Required work
Every line of the data below should be retyped exactly, with no images carried over.

Dataset section
━━━━━━━━━━━━━━━━━━━━━━━━━━━━━━
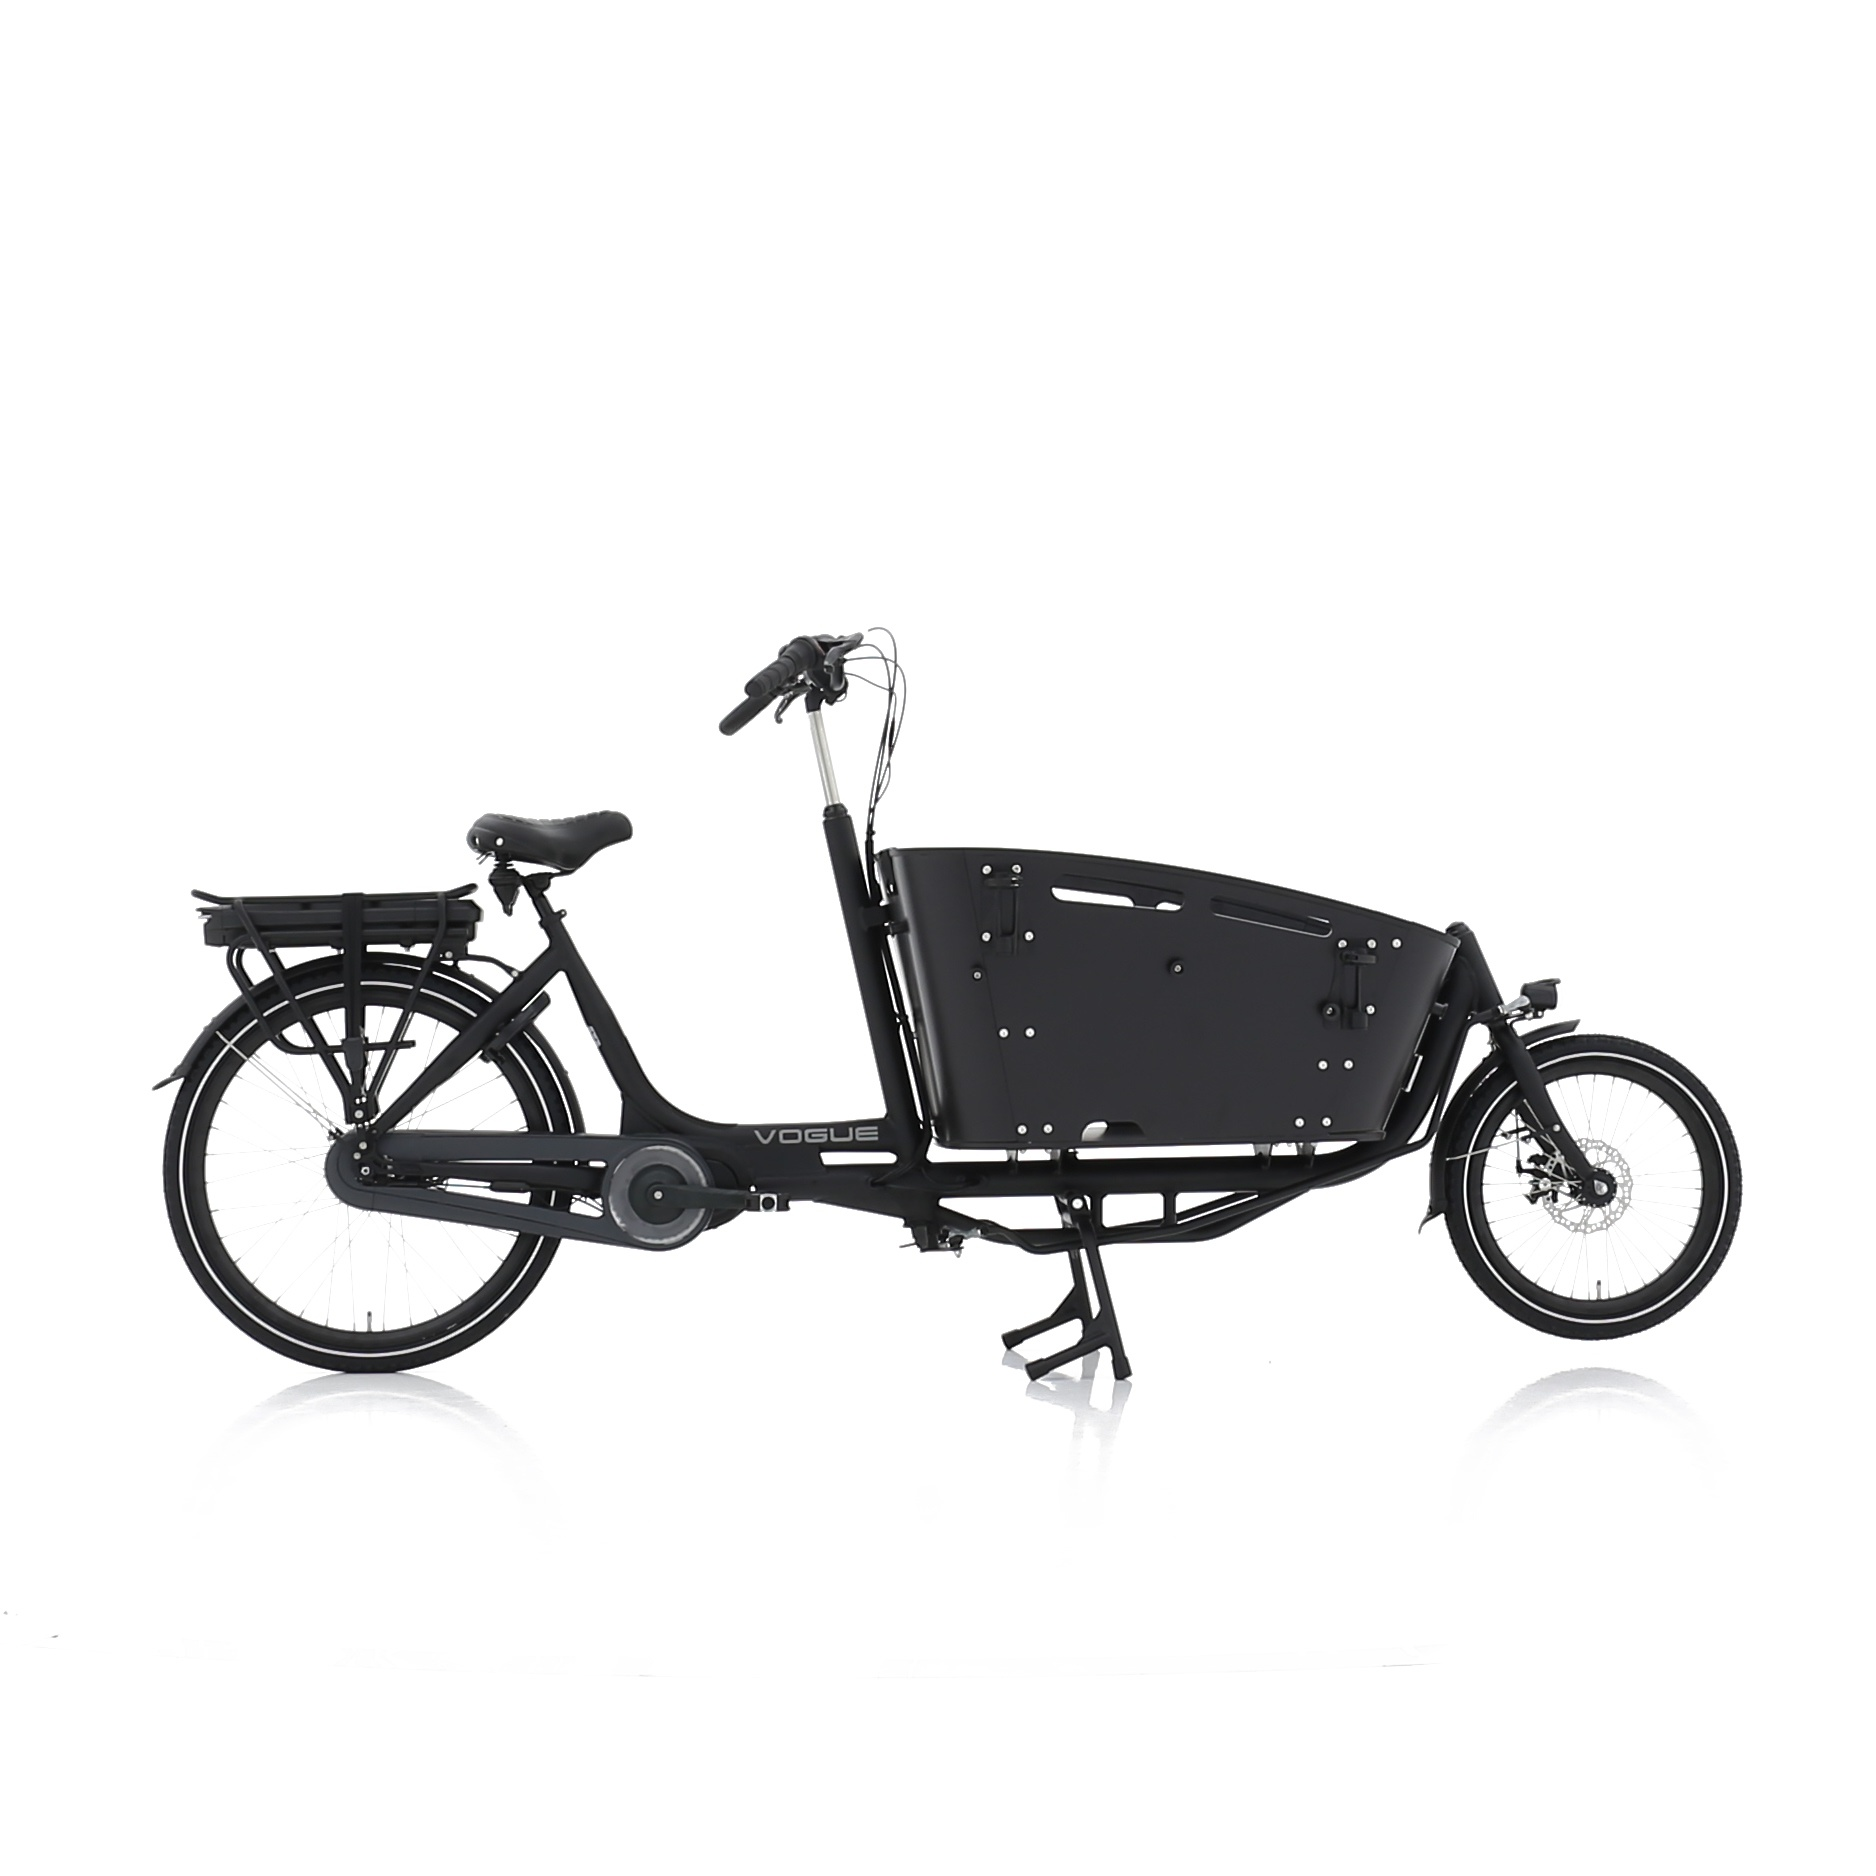 Vogue Carry 2 Bakfiets 48cm Matt Black/Black 7V
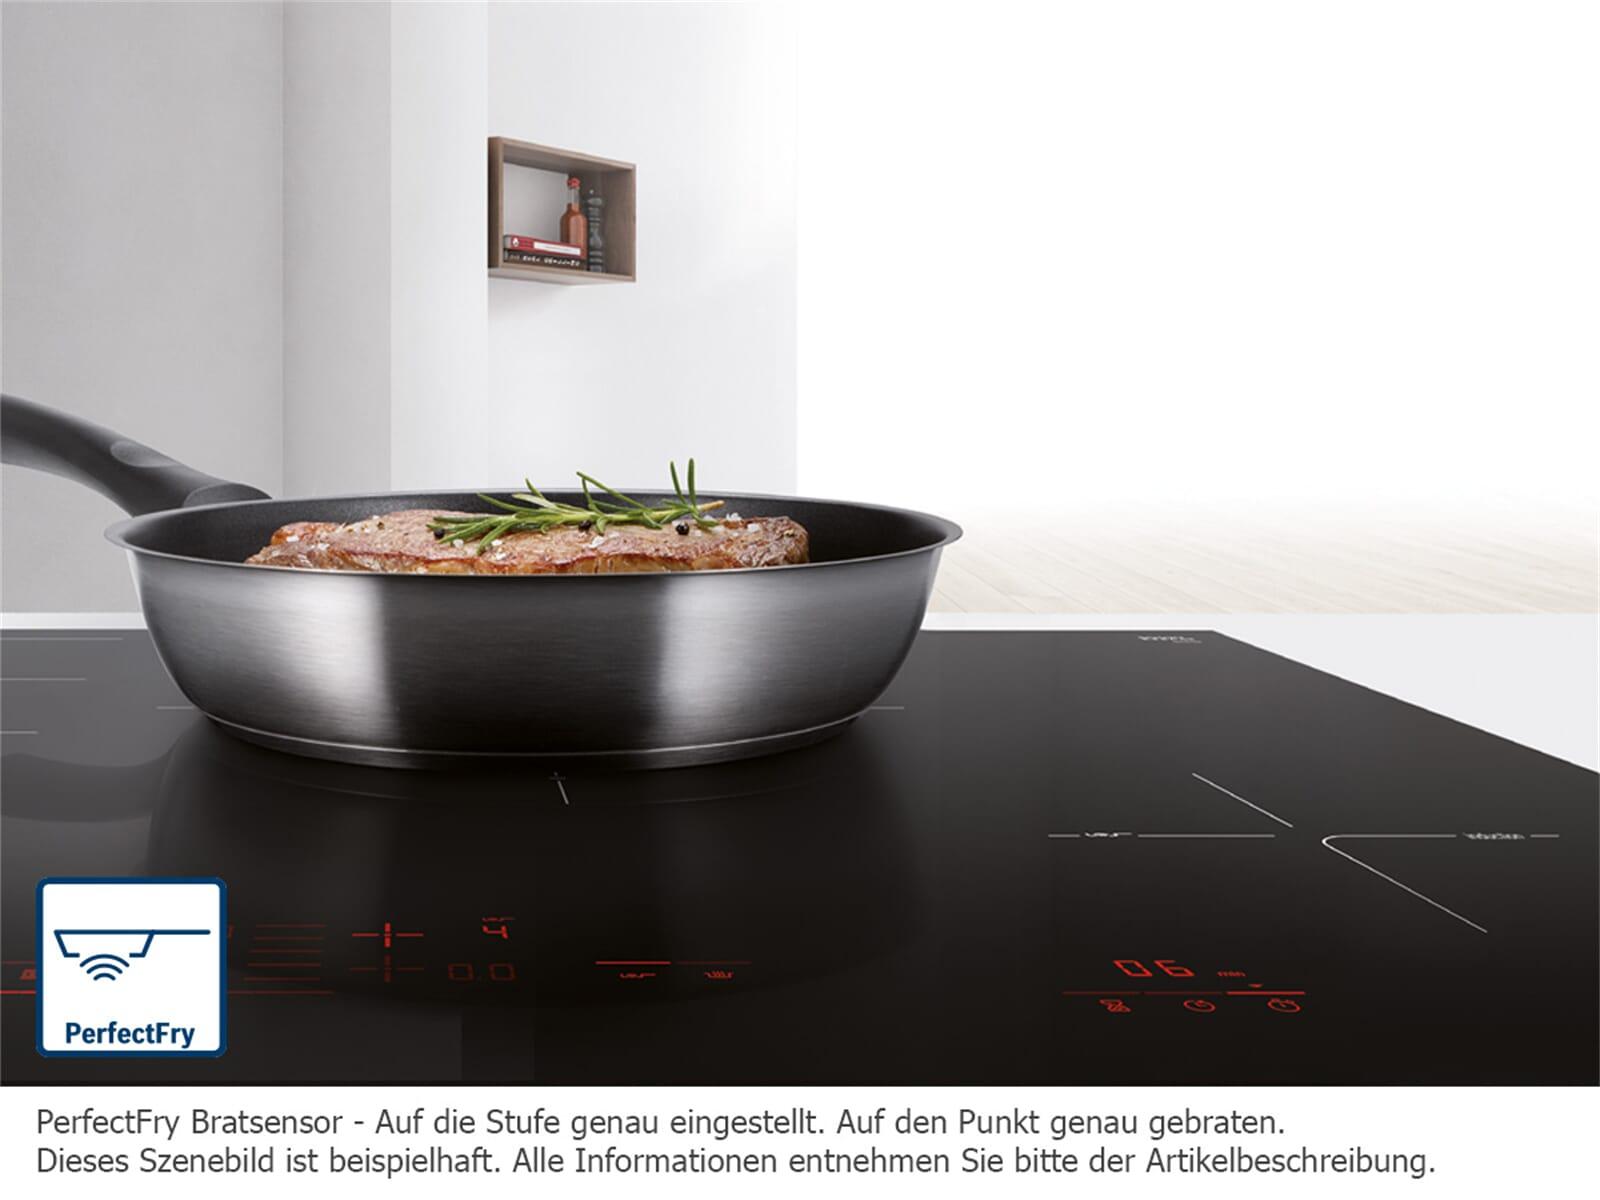 bosch pxv845fc1e induktionskochfeld autark. Black Bedroom Furniture Sets. Home Design Ideas
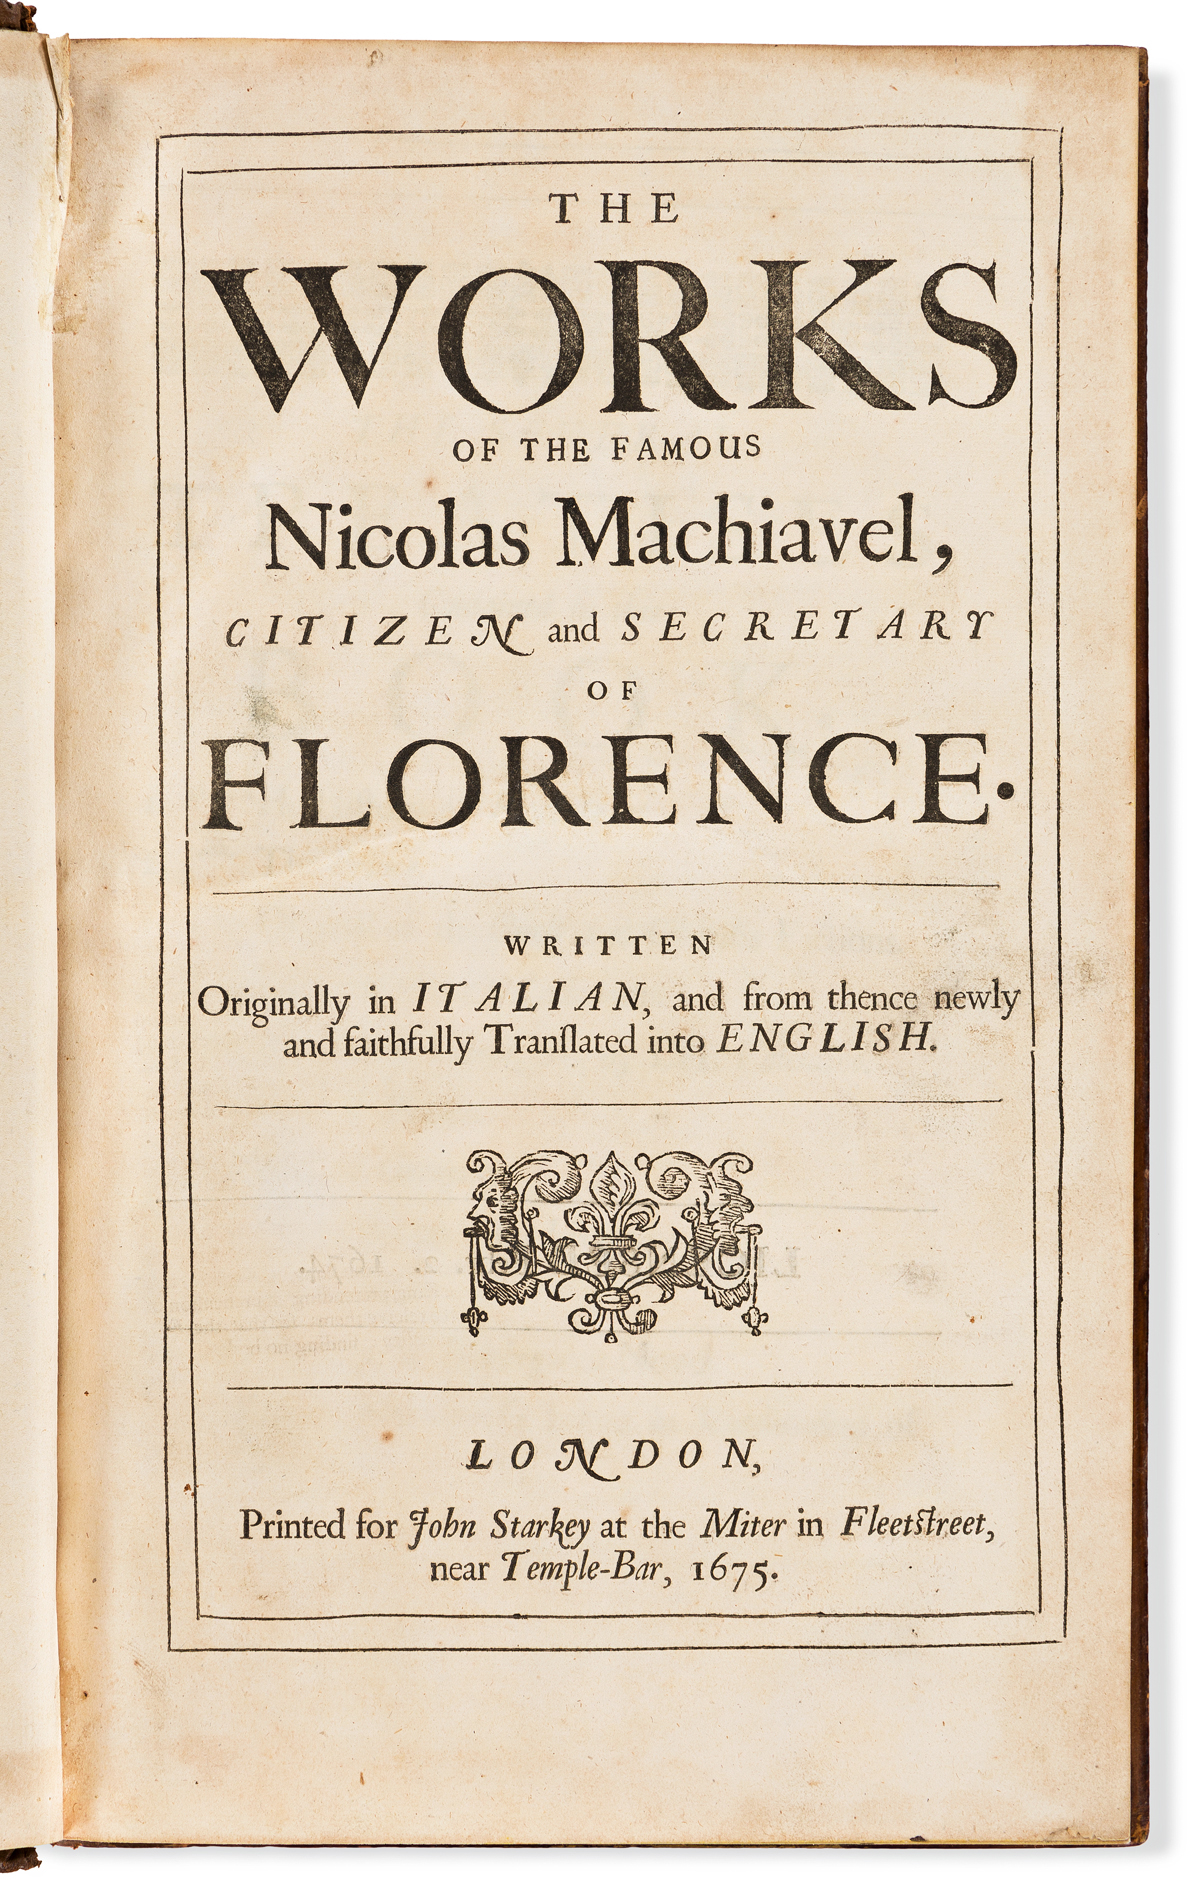 Machiavelli, Niccolò (1469-1527) The Works.
━━━━━━━━━━━━━━━━━━━━━━━━━━━━━━
Output of the task
 Vogue Carry 2 Bakfiets 48cm Matt Black/Black 7V
 bosch pxv845fc1e induktionskochfeld autark. Black Bedroom Furniture Sets. Home Design Ideas
 Machiavelli, Niccolò (1469-1527) The Works.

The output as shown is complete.